1. The utility model provides a coincide floor, connects in vertical component, its characterized in that, coincide floor includes:

the prefabricated plate comprises a plate body and a first steel bar which is preset in the plate body;

the second steel bars are at least partially positioned right above the first steel bars, the second steel bars are partially connected to the plate body, and the other parts of the second steel bars extend out of the plate body; and

and the cast-in-place layer is arranged above the precast slabs and the vertical members so as to fasten the second steel bars to the vertical members and the precast slabs.

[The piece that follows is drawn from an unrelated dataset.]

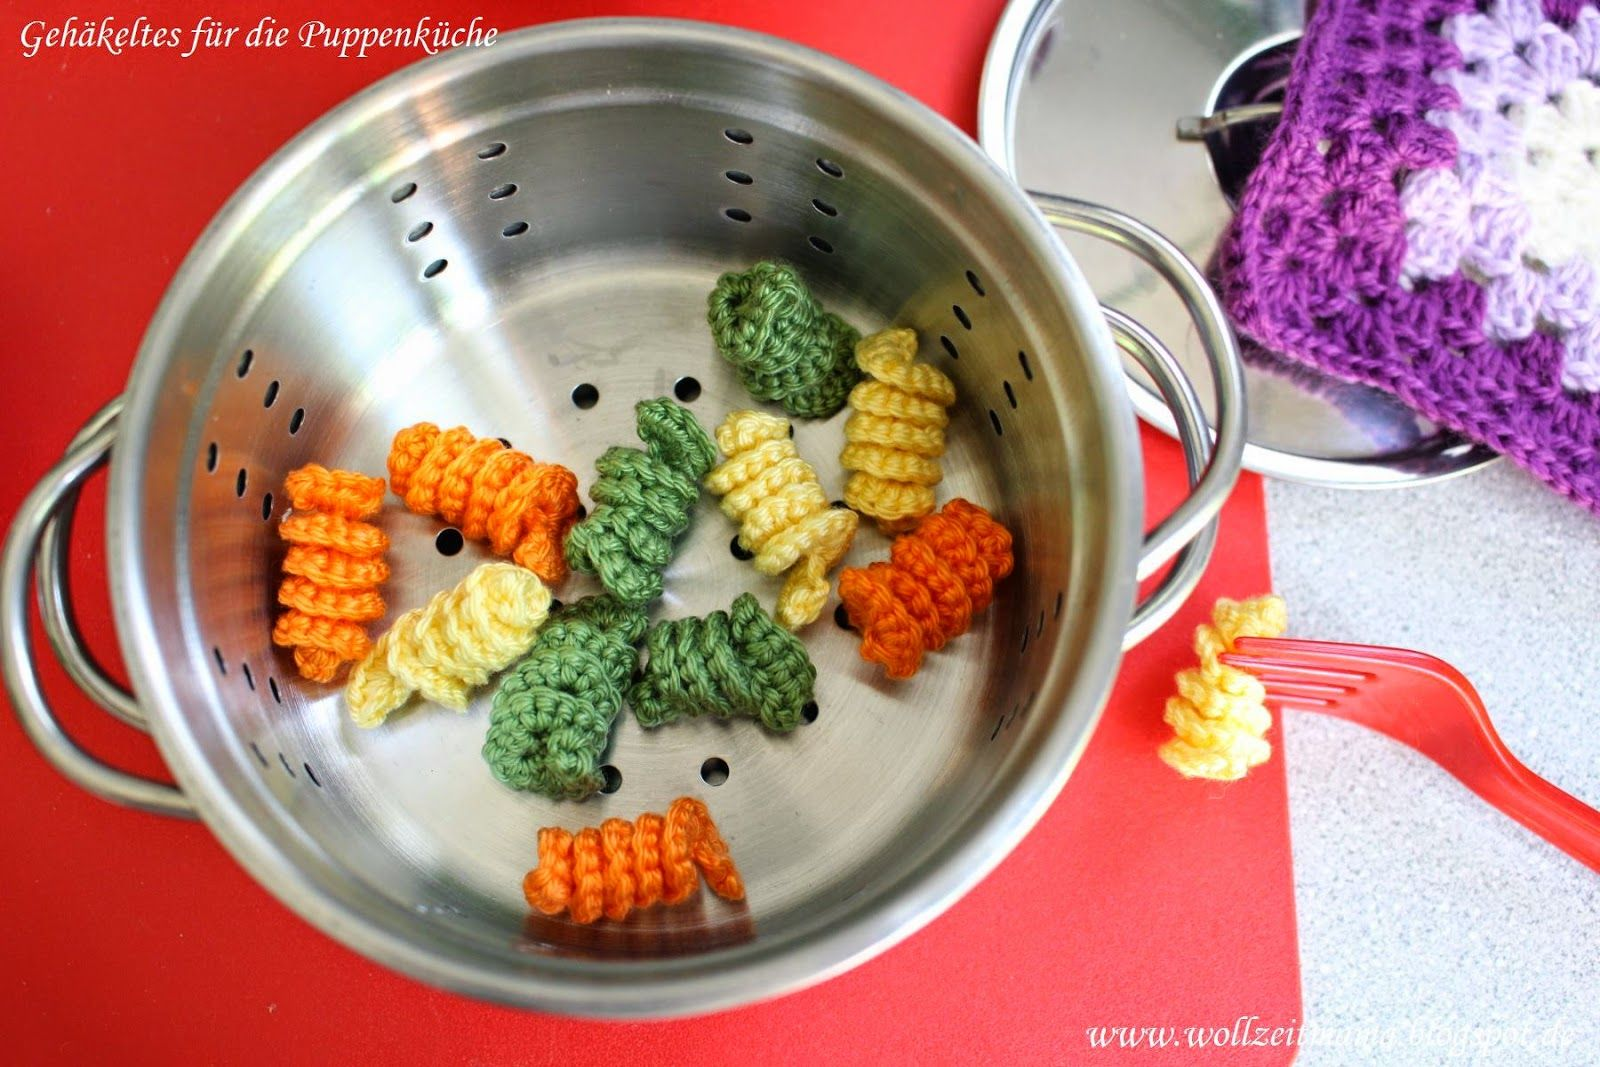 Photo of Häkeln für Puppenküche und Lebensmittelgeschäft: bunte Spirelli, mit kostenlosem …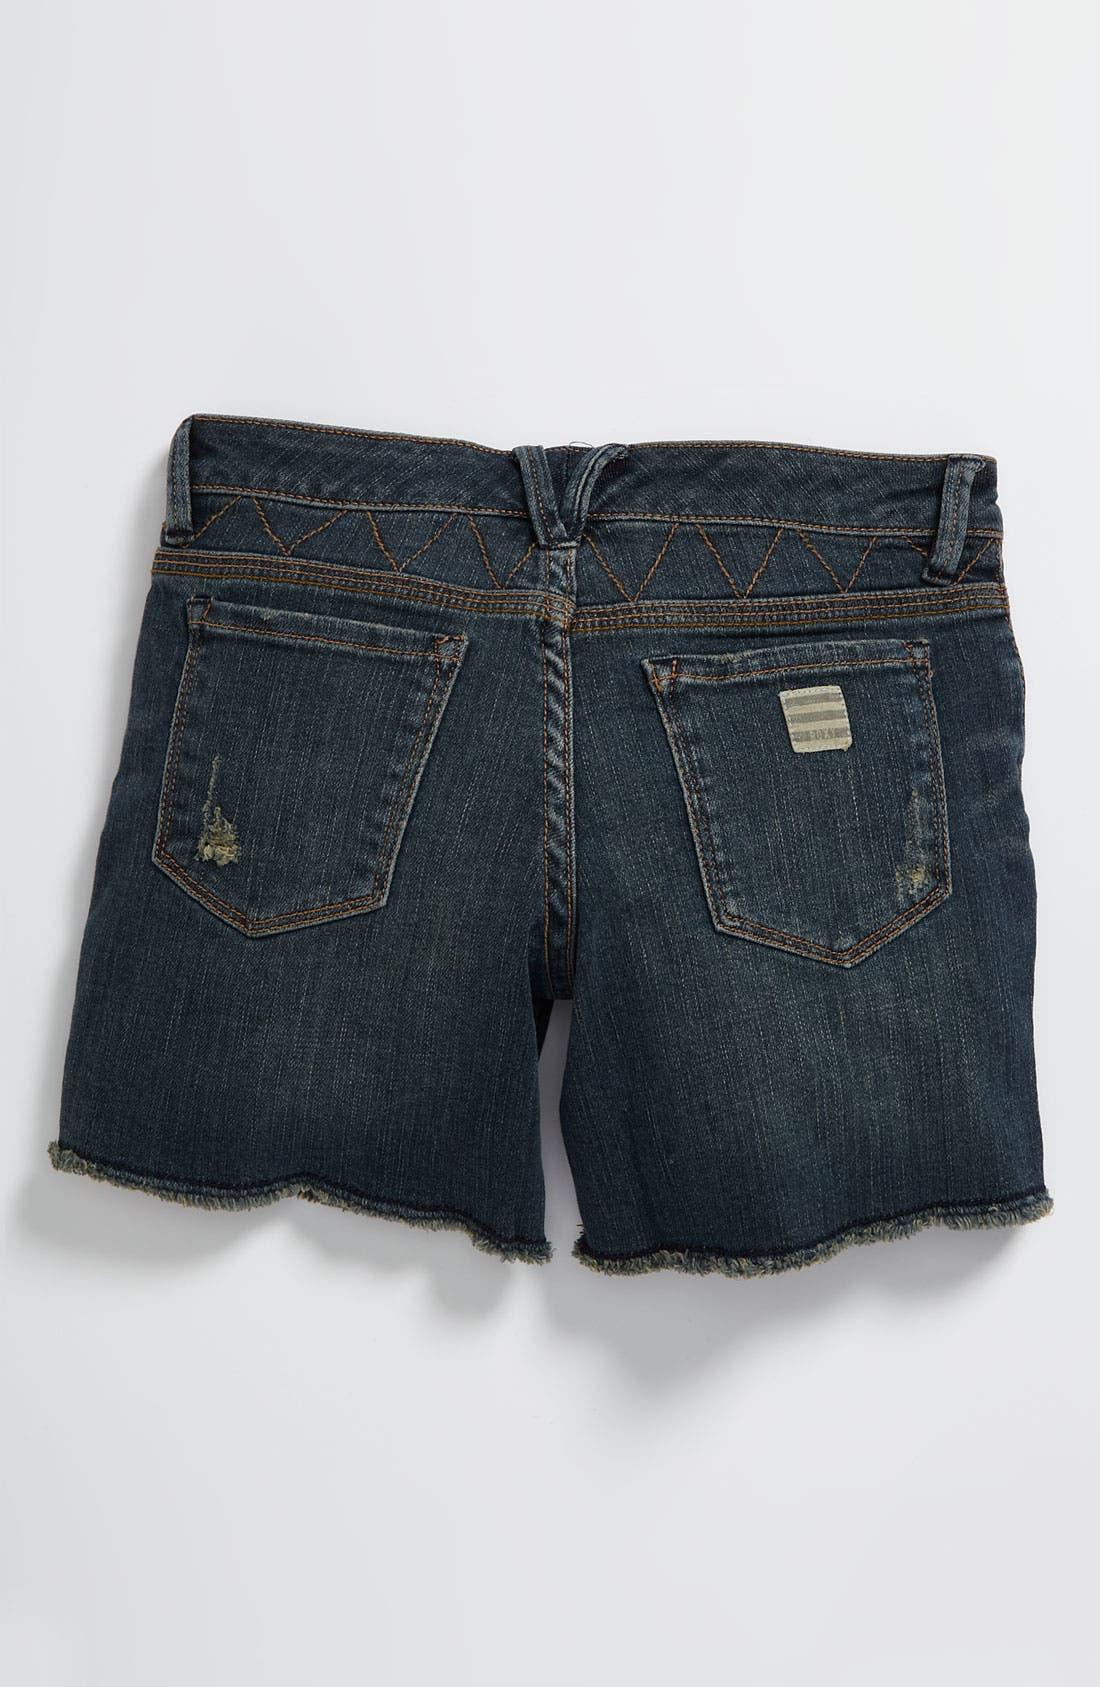 Main Image - Roxy Denim Shorts (Big Girls)

2. A composite floor slab as defined in claim 1, wherein the edge of said slab body is recessed with an installation groove, said second reinforcing bar is partially positioned in said installation groove, and the other part is positioned outside said installation groove, and said cast-in-place layer is filled in said installation groove.

3. A composite floor slab as defined in claim 2, wherein the inner wall of said installation groove is provided with a relief structure.

4. A composite floor slab as defined in claim 2, wherein said mounting groove is a strip-shaped groove or a wedge-shaped groove.

5. A composite floor slab as defined in claim 4, wherein said plurality of mounting grooves are provided at regular intervals in the width direction of said slab body, each of said mounting grooves being provided with said second reinforcing bars.

6. A composite floor slab as defined in claim 2, wherein said installation groove is defined to have a depth H₁The thickness of the plate body is H₂Then the relationship is satisfied: h₁≤0.5H₂And H₂-H₁≥30mm。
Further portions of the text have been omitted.